Description
These banana blueberry muffins are the perfect mix of fruity sweetness and soft, bakery-style texture. Ripe bananas bring natural moisture and richness, while juicy blueberries burst with flavor in every bite. Whether you need a grab-and-go breakfast, a snack for school, or a cozy weekend treat, these muffins come together fast and taste even better the next day.
Ingredients
2 ripe bananas, mashed
1 cup fresh or frozen blueberries
½ cup granulated sugar
¼ cup brown sugar
⅓ cup vegetable oil or melted butter
2 eggs
1 teaspoon vanilla extract
1 ½ cups all-purpose flour
1 teaspoon baking soda
½ teaspoon salt
½ teaspoon cinnamon (optional)
Instructions
Preheat oven to 350°F (175°C). Line or grease a 12-cup muffin tin.

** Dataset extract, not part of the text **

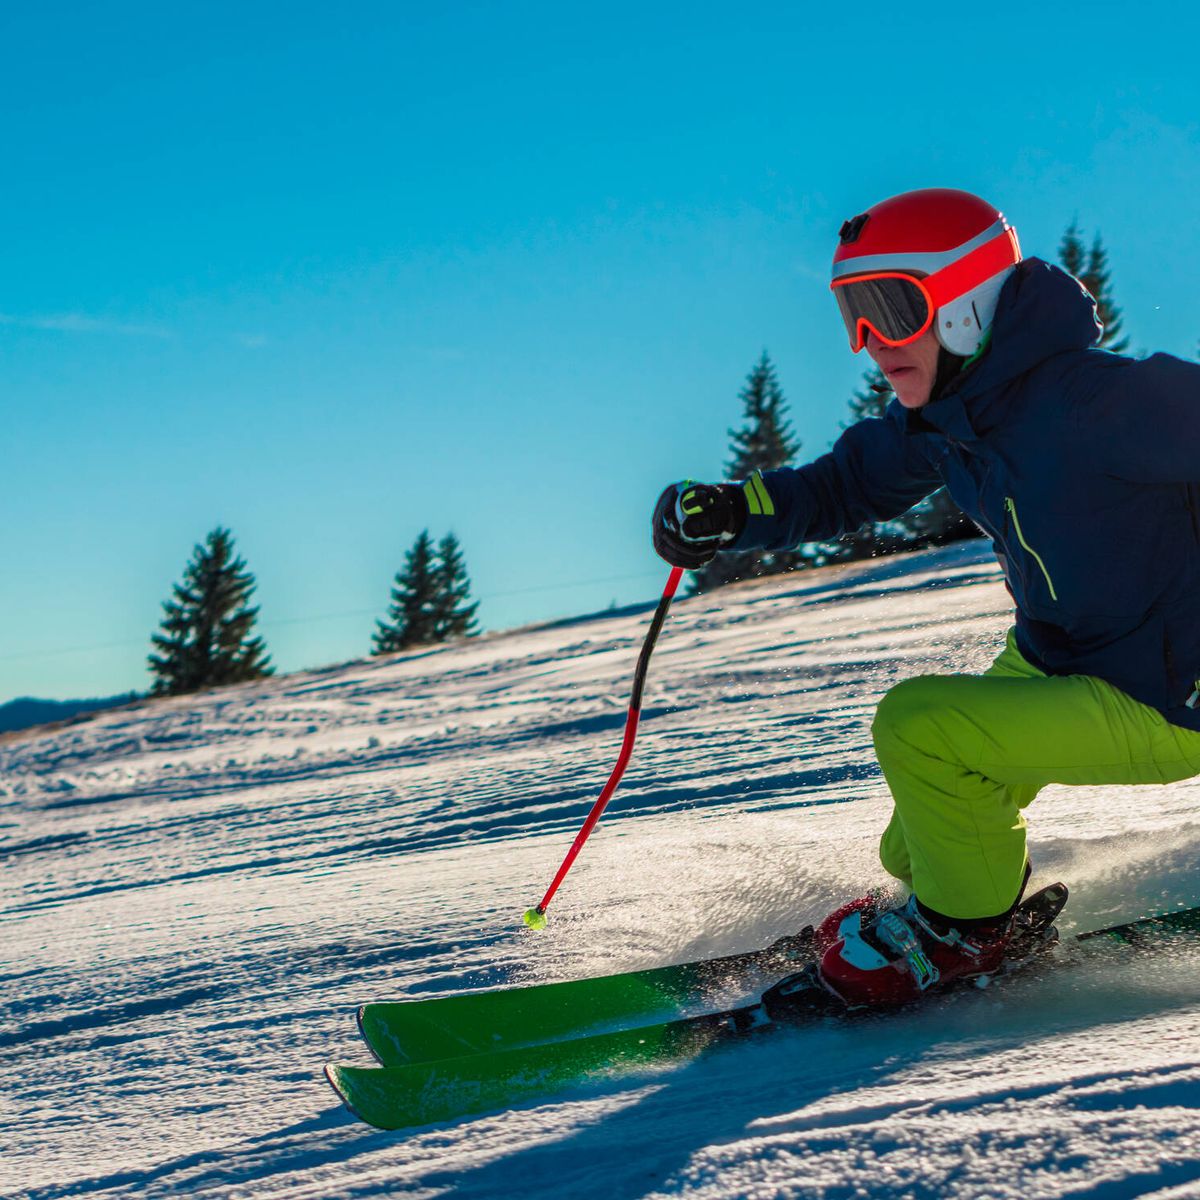 El casco es parte imprescindible de tu equipo de esquí - Blog
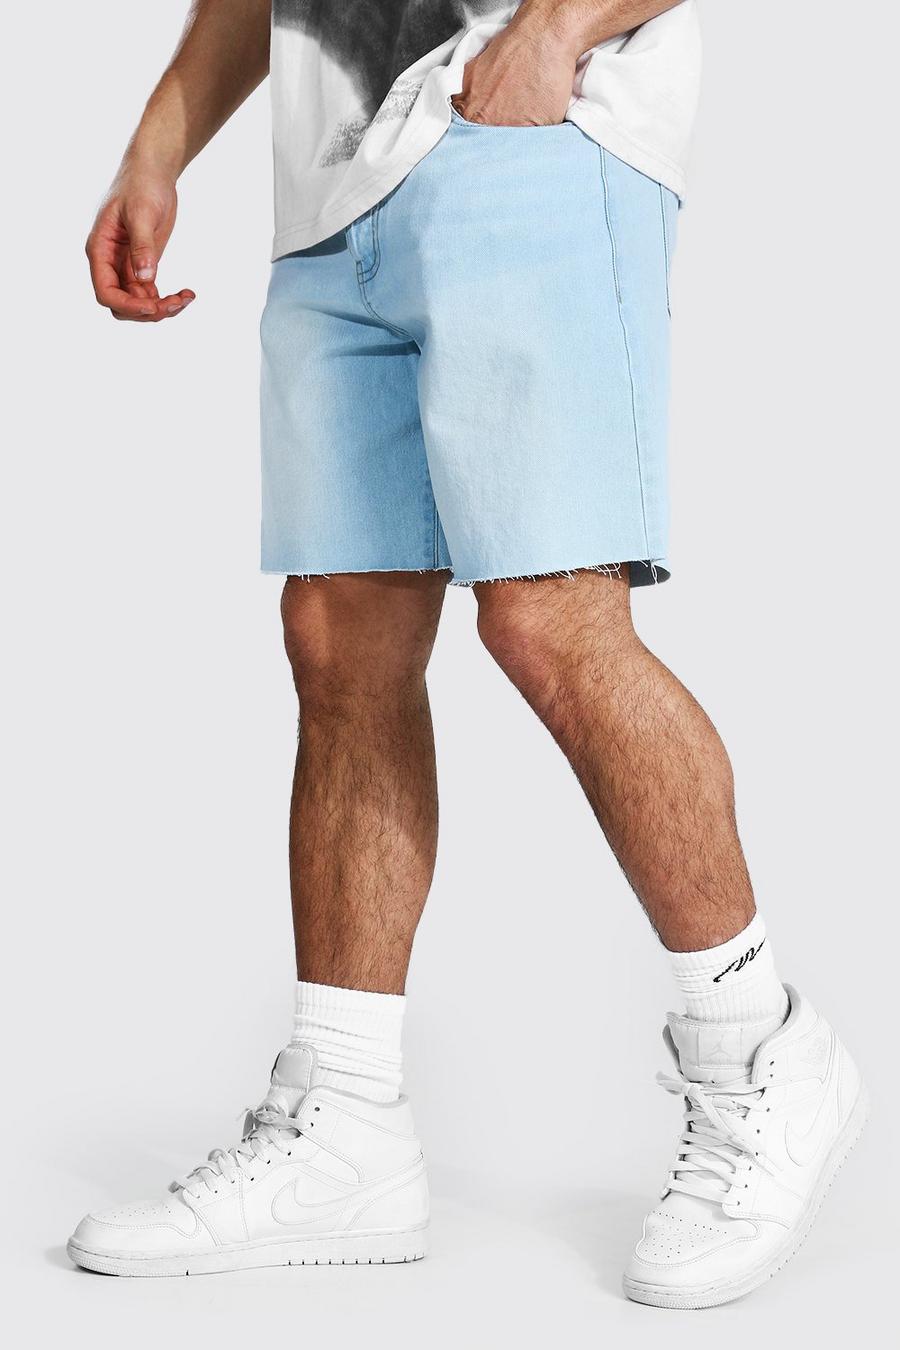 Pantalones cortos vaqueros holgados con bajo sin rematar, Azul claro image number 1

In a large bowl, whisk together mashed bananas, sugars, oil, eggs, and vanilla until smooth.
In a separate bowl, combine flour, baking soda, salt, and cinnamon.
Gently fold dry ingredients into the wet mixture just until combined.
Toss blueberries in 1 teaspoon of flour (to prevent sinking), then fold them into the batter.
Divide batter evenly among muffin cups.
Bake for 18–22 minutes, or until a toothpick comes out clean from the center.
Cool in the pan for 5 minutes, then transfer to a wire rack to cool completely.